Applied Medical Technologies, Inc. v. Eames

44 P.3d 699 (2002) 2002 UT 18

APPLIED MEDICAL TECHNOLOGIES, INC., Plaintiff,
v.
Amorie EAMES, in her capacity as trustee of Heritage Management Trust, K.L. Hall, in his capacity as trustee of Heritage Management Trust, Ronald E. Eames, in his capacity as trust protector of Heritage Management Trust, Heritage Management Trust, and John Does 1-10, beneficiaries and/or unknown trustees of Heritage Management Trust, Defendants.
Heritage Management Trust, K.L. Hall, trustee, and Ronald E. Eames, Consolidated Counterclaim Plaintiffs and Appellants,
v.
Applied Medical Technologies, Inc., Wade Lee Hill, in his capacity as officer, director, and controlling person of Applied Medical Technologies, Inc., and John Does 1-10, as officers, directors, and accessories, Counterclaim Defendants and Appellees.

No. 991007.

Supreme Court of Utah.

February 5, 2002.

*700 Christopher W. Edwards, Hurricane, for appellants.

Michael N. Zundel, Roger J. McConkie, Salt Lake City, and Frank A. Allen, Jeffrey C. Wilcox, St. George, for appellees.

RUSSON, Associate Chief Justice.

¶ 1 Defendant Heritage Management Trust ("Heritage Trust"), appeals the trial court's dismissal of its claims against Applied Medical Technologies, Inc., and Dr. Wade Lee Hill. We affirm.

BACKGROUND

¶ 2 In November 1993, Ronald Eames and Dr. Hill agreed to form a Nevada corporation known as AMT, Inc., which subsequently became known as Applied Medical Technologies, Inc. ("Applied Medical"). In connection therewith, Mr. Eames, Dr. Hill, and others received equitable shares in Applied Medical. Mr. Eames elected to have his shares held by his family's trust, Heritage Trust, with Amorie Eames, Mr. Eames's wife, as trustee.

¶ 3 In October 1996, Dr. Hill initiated an action against Heritage Trust to foreclose on a trust deed in Mrs. Eames's name as trustee ("the foreclosure action").[1] The foreclosure action was tried, resulting in a deficiency judgment in Dr.
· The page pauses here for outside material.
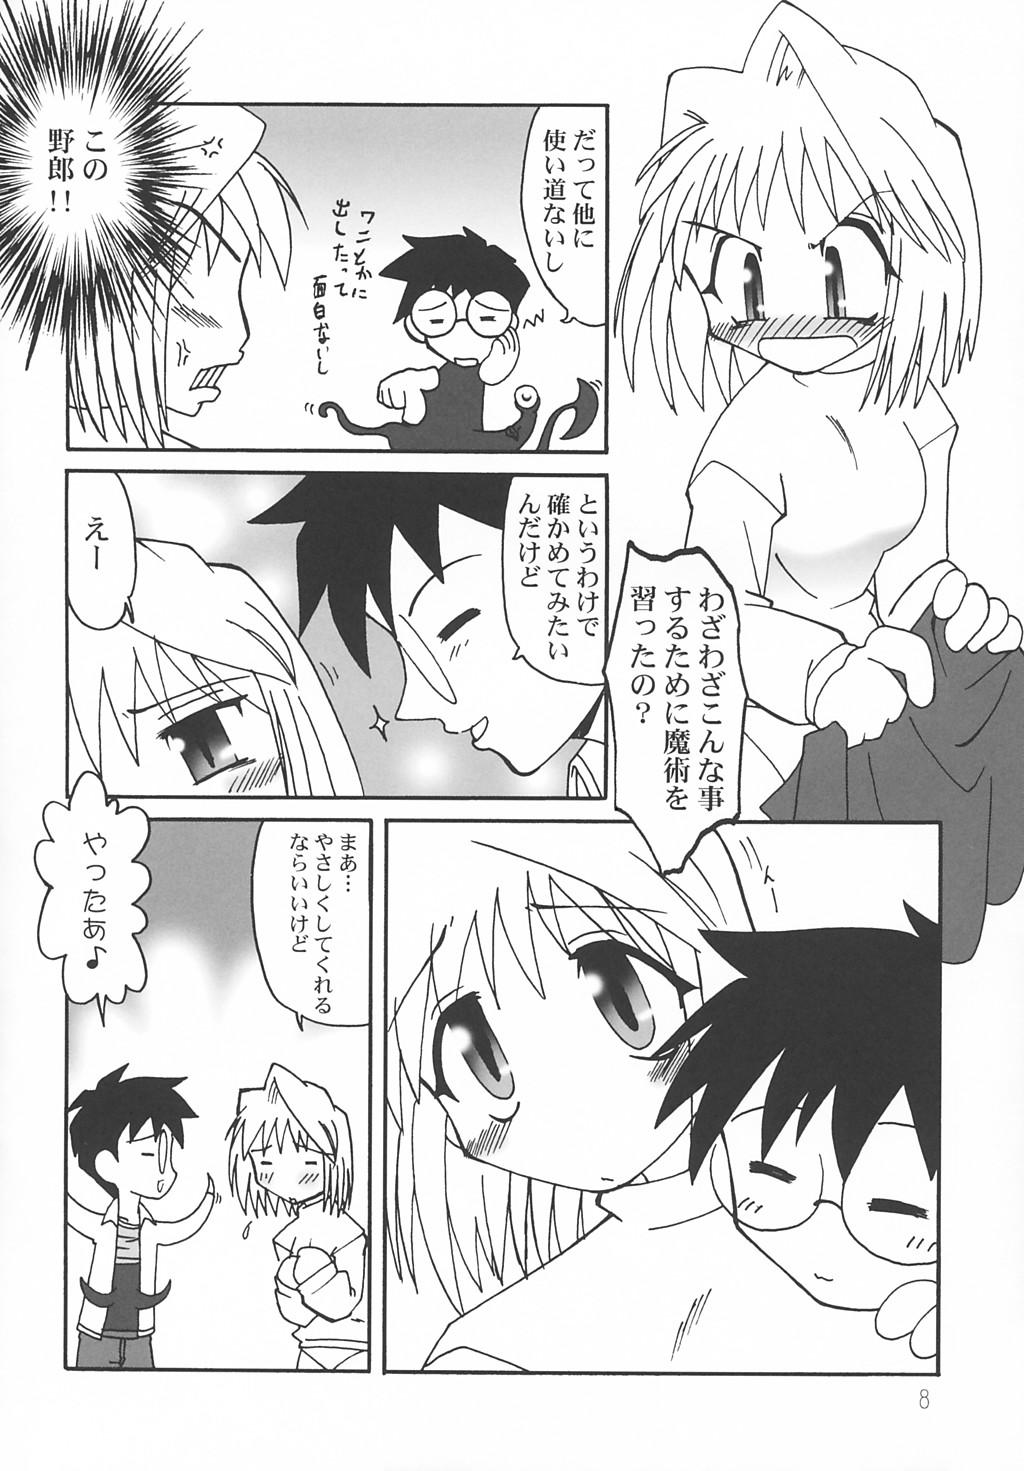 Nerd Nanaya no Mori+ - Tsukihime Perverted - Page 7

Hill's favor against Heritage Trust in the amount of $62,070.48. Neither party appealed this judgment.

¶ 4 On May 1, 1998, Applied Medical sued Heritage Trust, seeking declaratory relief regarding dissenter's rights claims, valuation of the Applied Medical stock, and the effect of Mr. Eames's bankruptcy. Subsequently, on July 6, 1998, Heritage Trust and K.L. Hall, as trustee of Heritage Trust,[2] filed a separate suit against Applied Medical and Dr. Hill, alleging various claims regarding the Applied Medical stock. Finally, on or about February 9, 1999, Heritage Trust, Mr. Hall, and Mr. Eames sued Dan Page and Jeff Zander, alleging gross negligence, wilful misconduct, fraud, and breach of loyalty and fiduciary duty. Subsequently, the trial court consolidated these three cases.
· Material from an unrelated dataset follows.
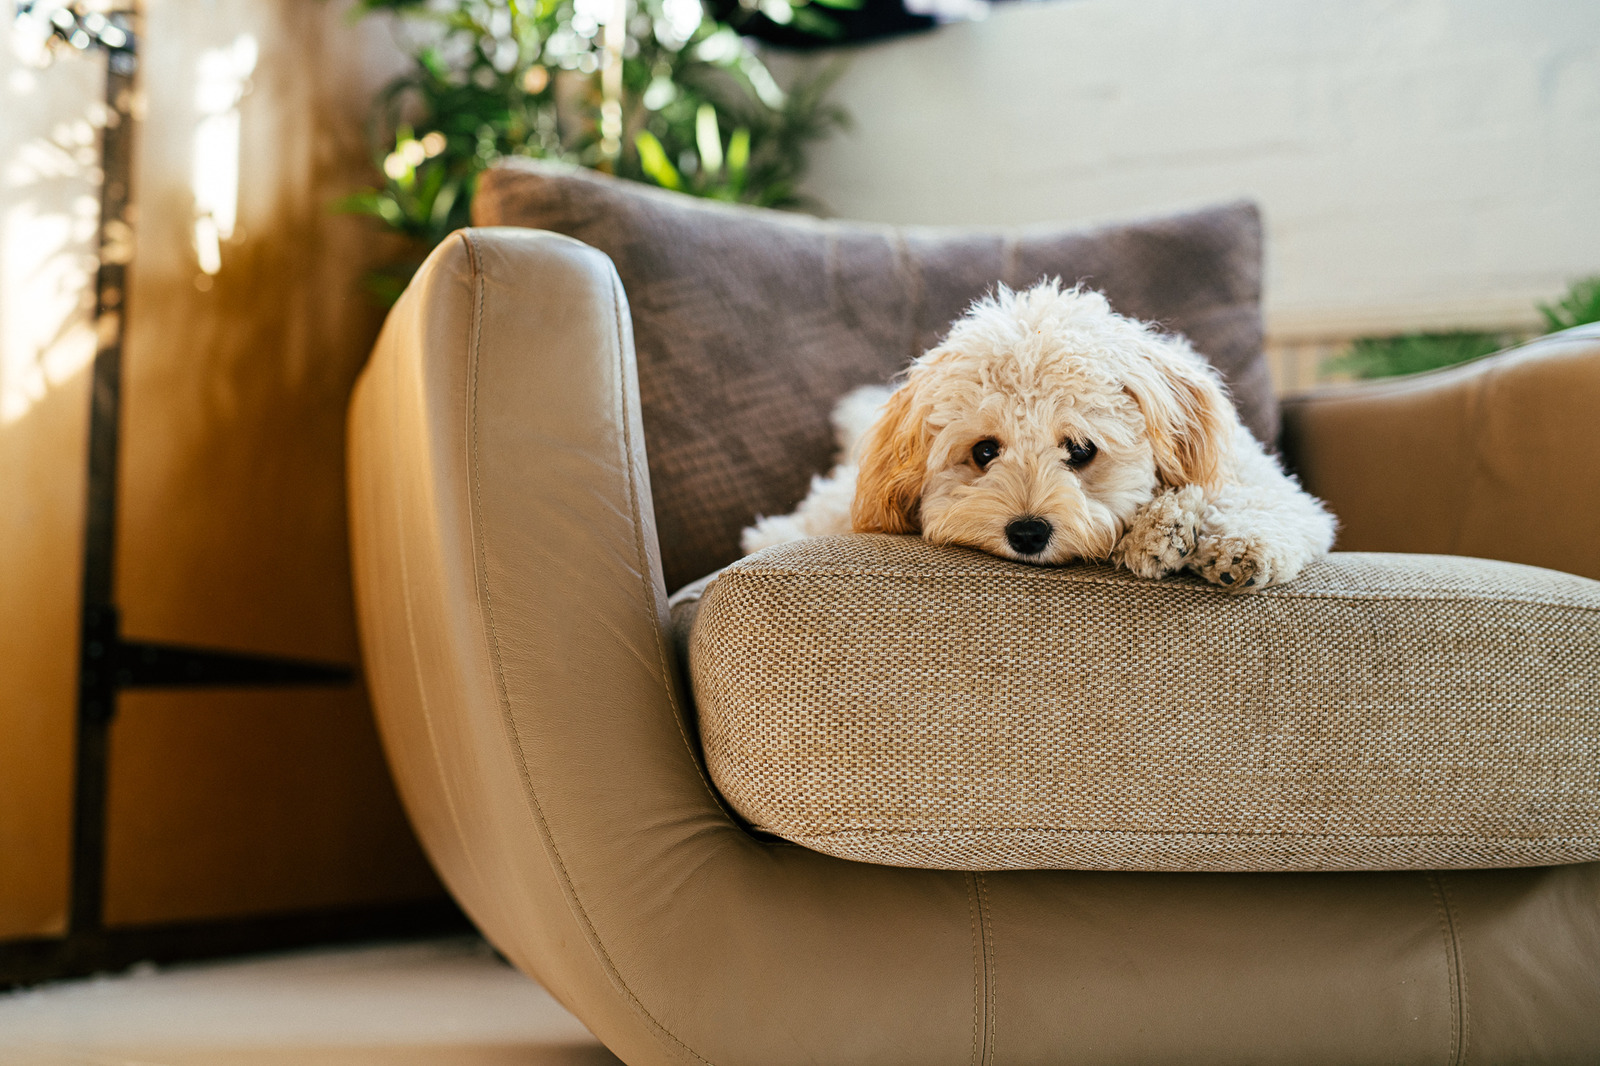 klein wit geconstipeerd hondje ligt zielig op beige fauteuil

¶ 5 On January 28, 1999, the foreclosure action court issued a writ of execution requiring Heritage Trust to deliver nonexempt property to satisfy the deficiency judgment. A Washington County constable served and executed the writ according to rule 69(f) of the Utah Rules of Civil Procedure. Pursuant to the writ, the constable levied upon Heritage Trust's nonexempt property, including Heritage Trust's pending claims in the consolidated case.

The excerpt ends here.